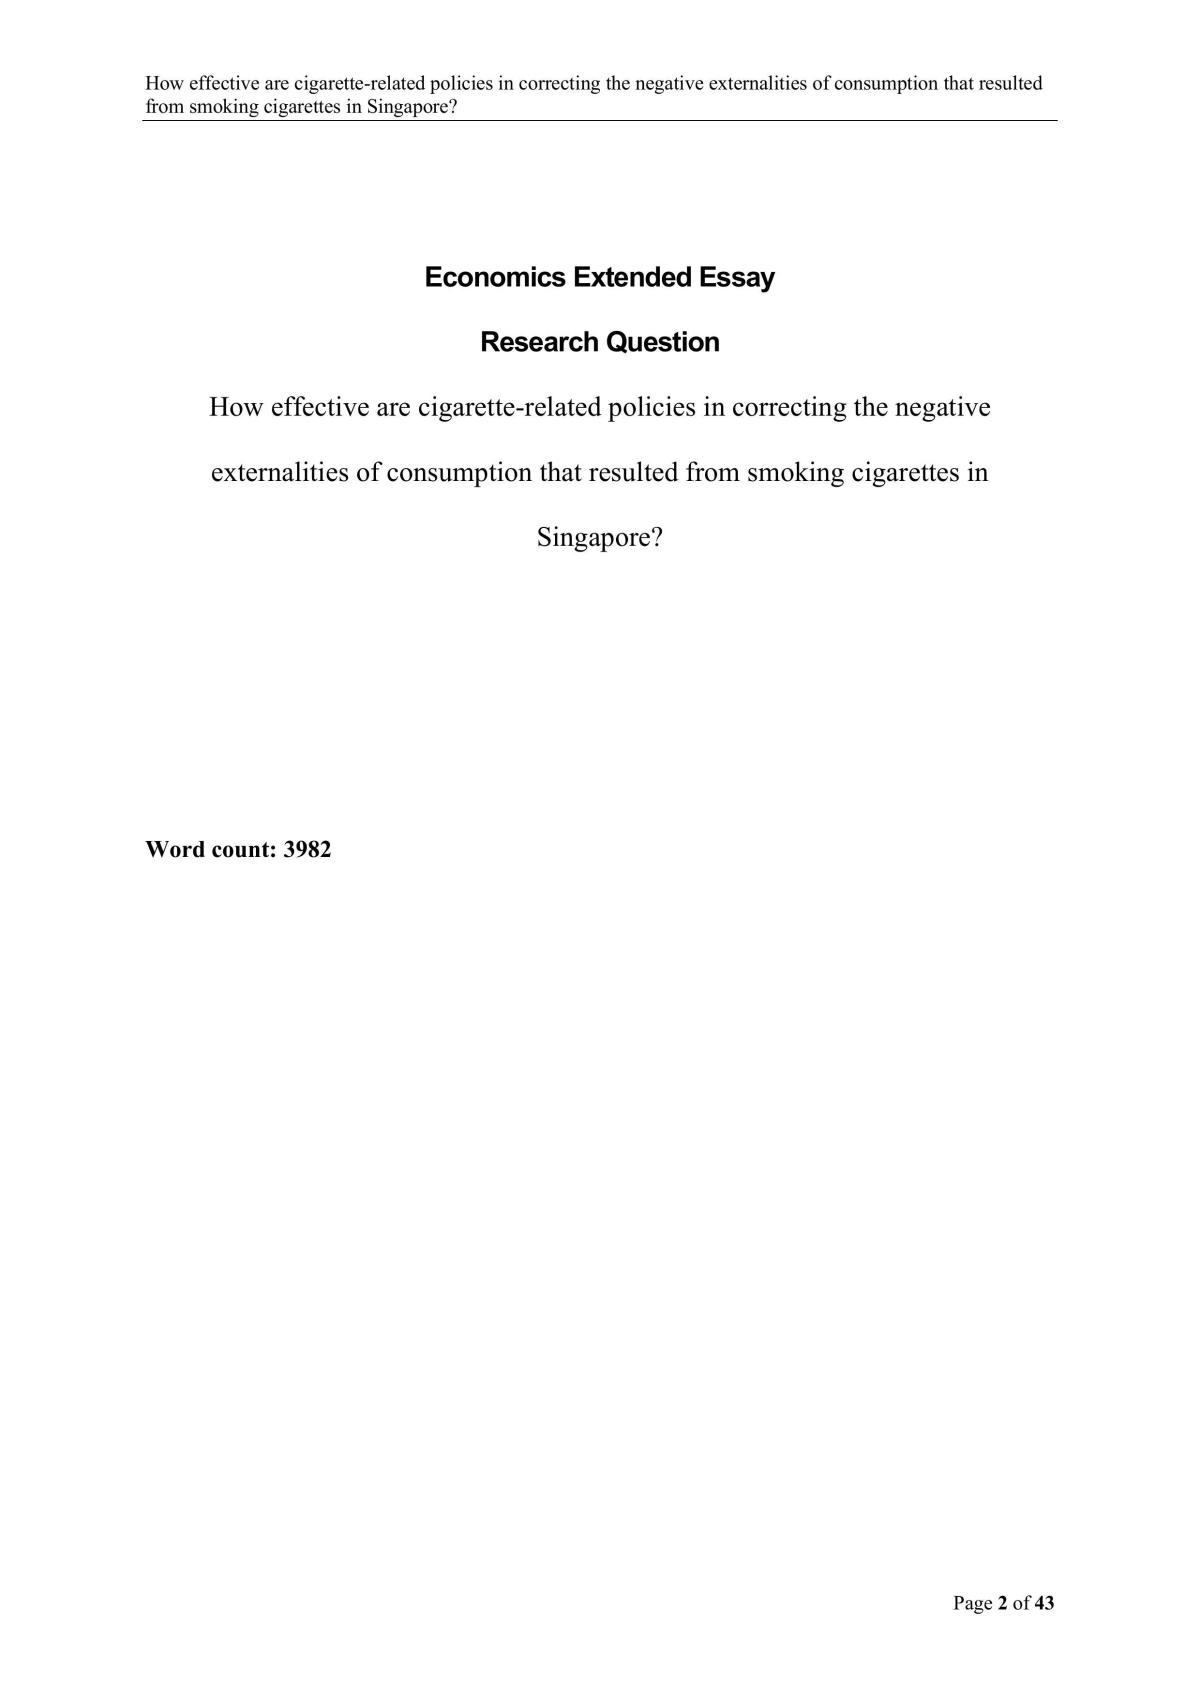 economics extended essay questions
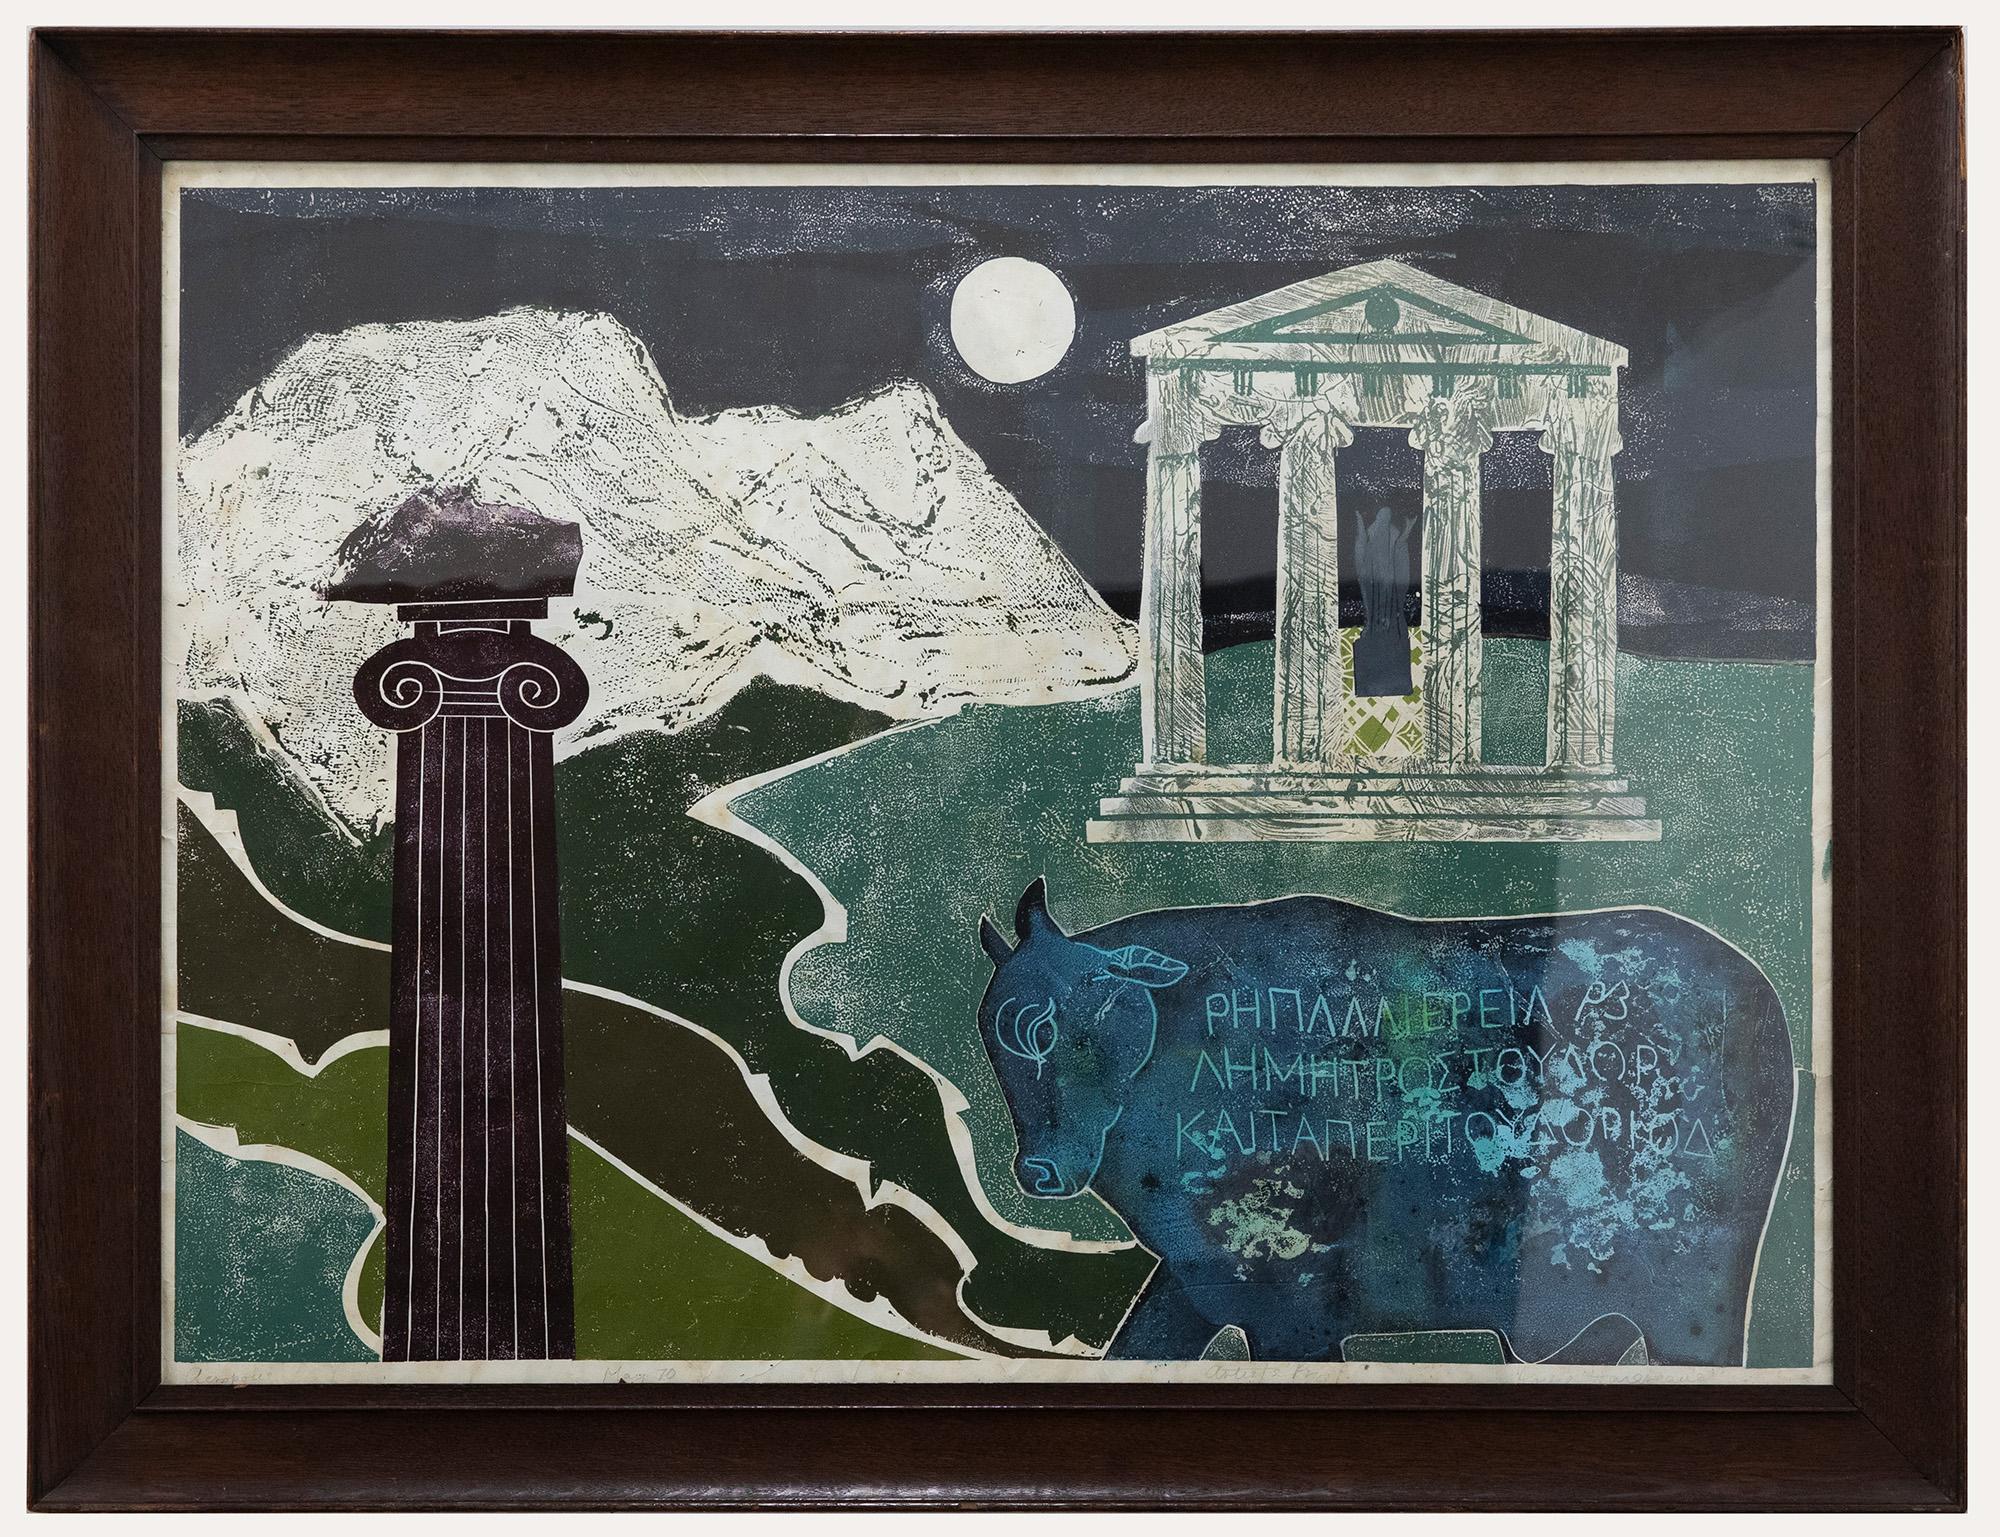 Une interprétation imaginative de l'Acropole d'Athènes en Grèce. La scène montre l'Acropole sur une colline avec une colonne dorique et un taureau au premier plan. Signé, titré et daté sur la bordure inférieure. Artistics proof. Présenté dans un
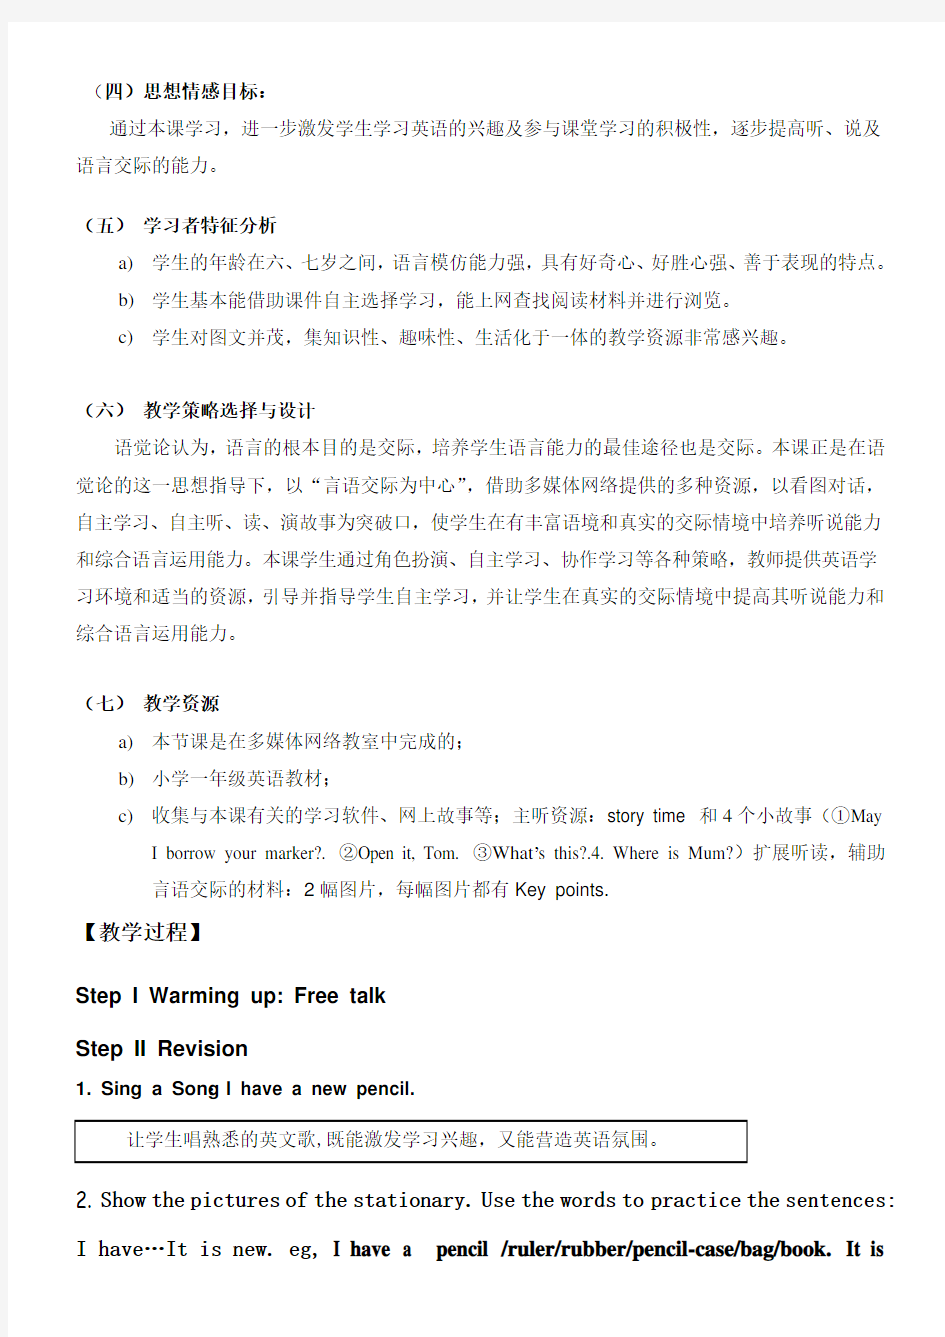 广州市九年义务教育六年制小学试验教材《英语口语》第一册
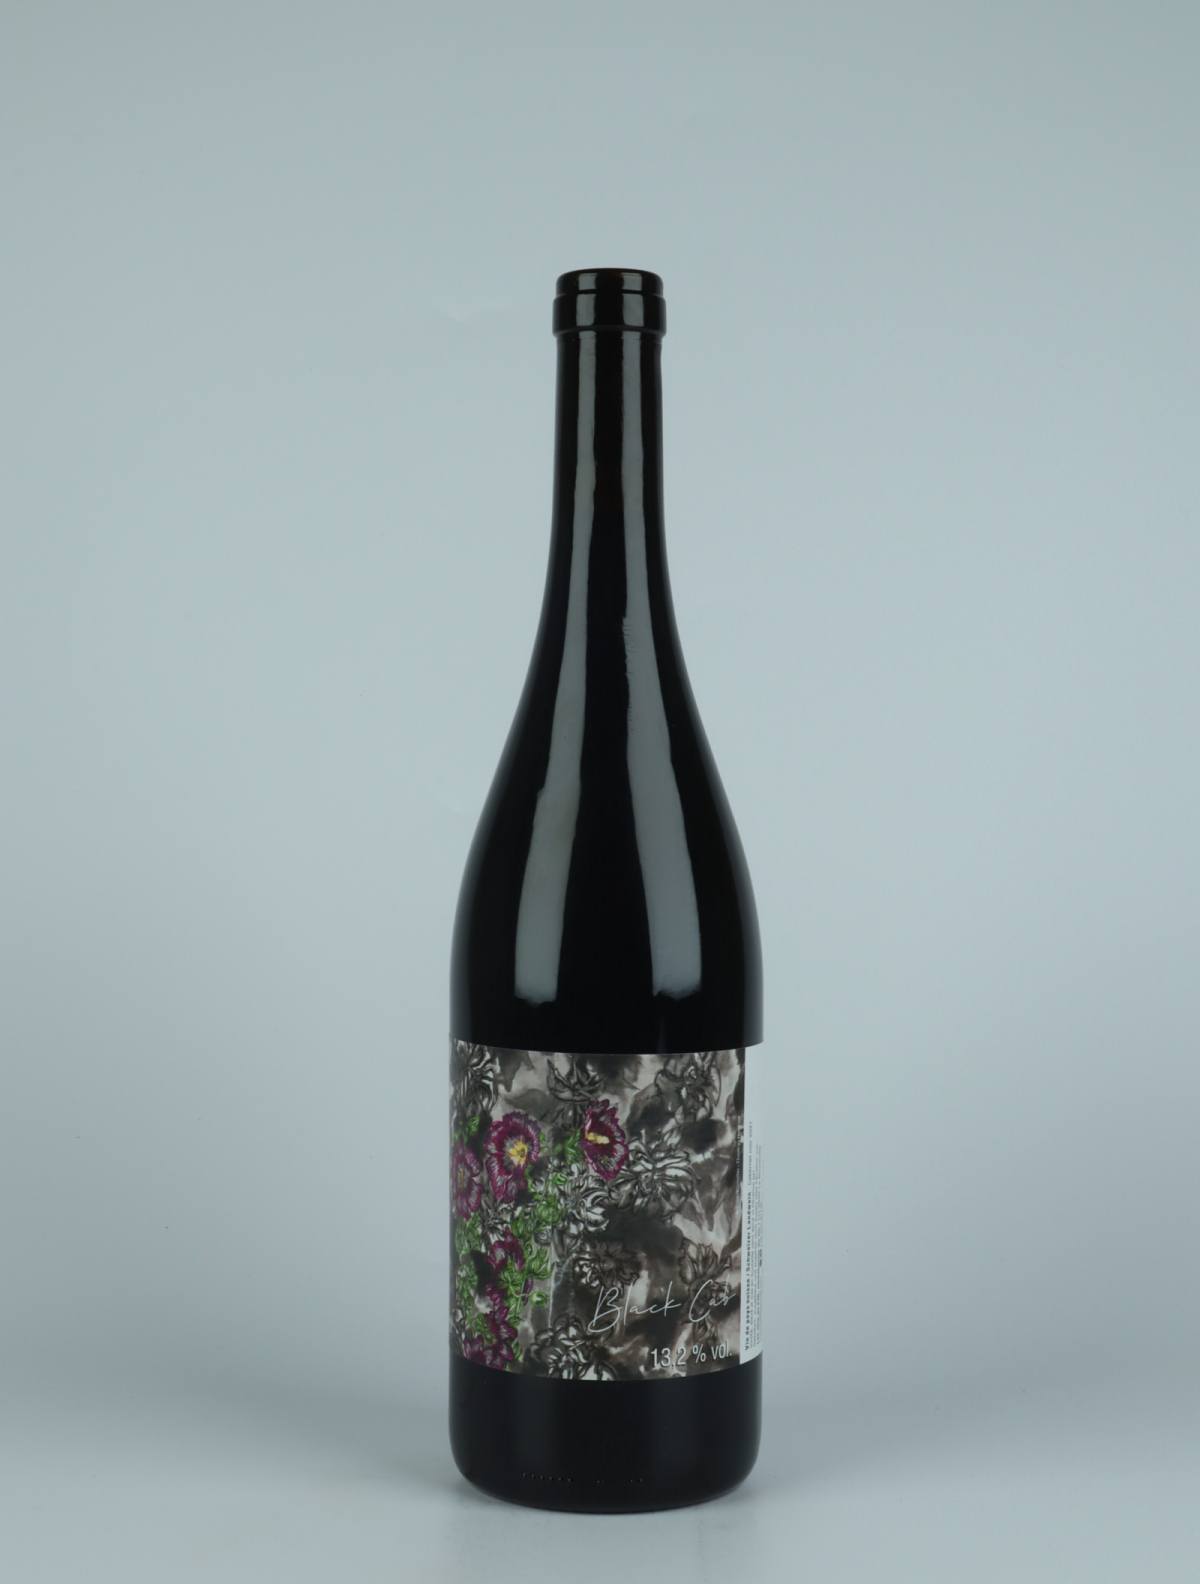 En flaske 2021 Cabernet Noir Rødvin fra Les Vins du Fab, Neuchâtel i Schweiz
-------
**AIM OF THE TASK**
From the first line to the last, reproduce the listing above exactly, leaving the pictures out.

**THE ANSWER**
 economics extended essay questions
 Une interprétation imaginative de l'Acropole d'Athènes en Grèce. La scène montre l'Acropole sur une colline avec une colonne dorique et un taureau au premier plan. Signé, titré et daté sur la bordure inférieure. Artistics proof. Présenté dans un
 广州市九年义务教育六年制小学试验教材《英语口语》第一册
 En flaske 2021 Cabernet Noir Rødvin fra Les Vins du Fab, Neuchâtel i Schweiz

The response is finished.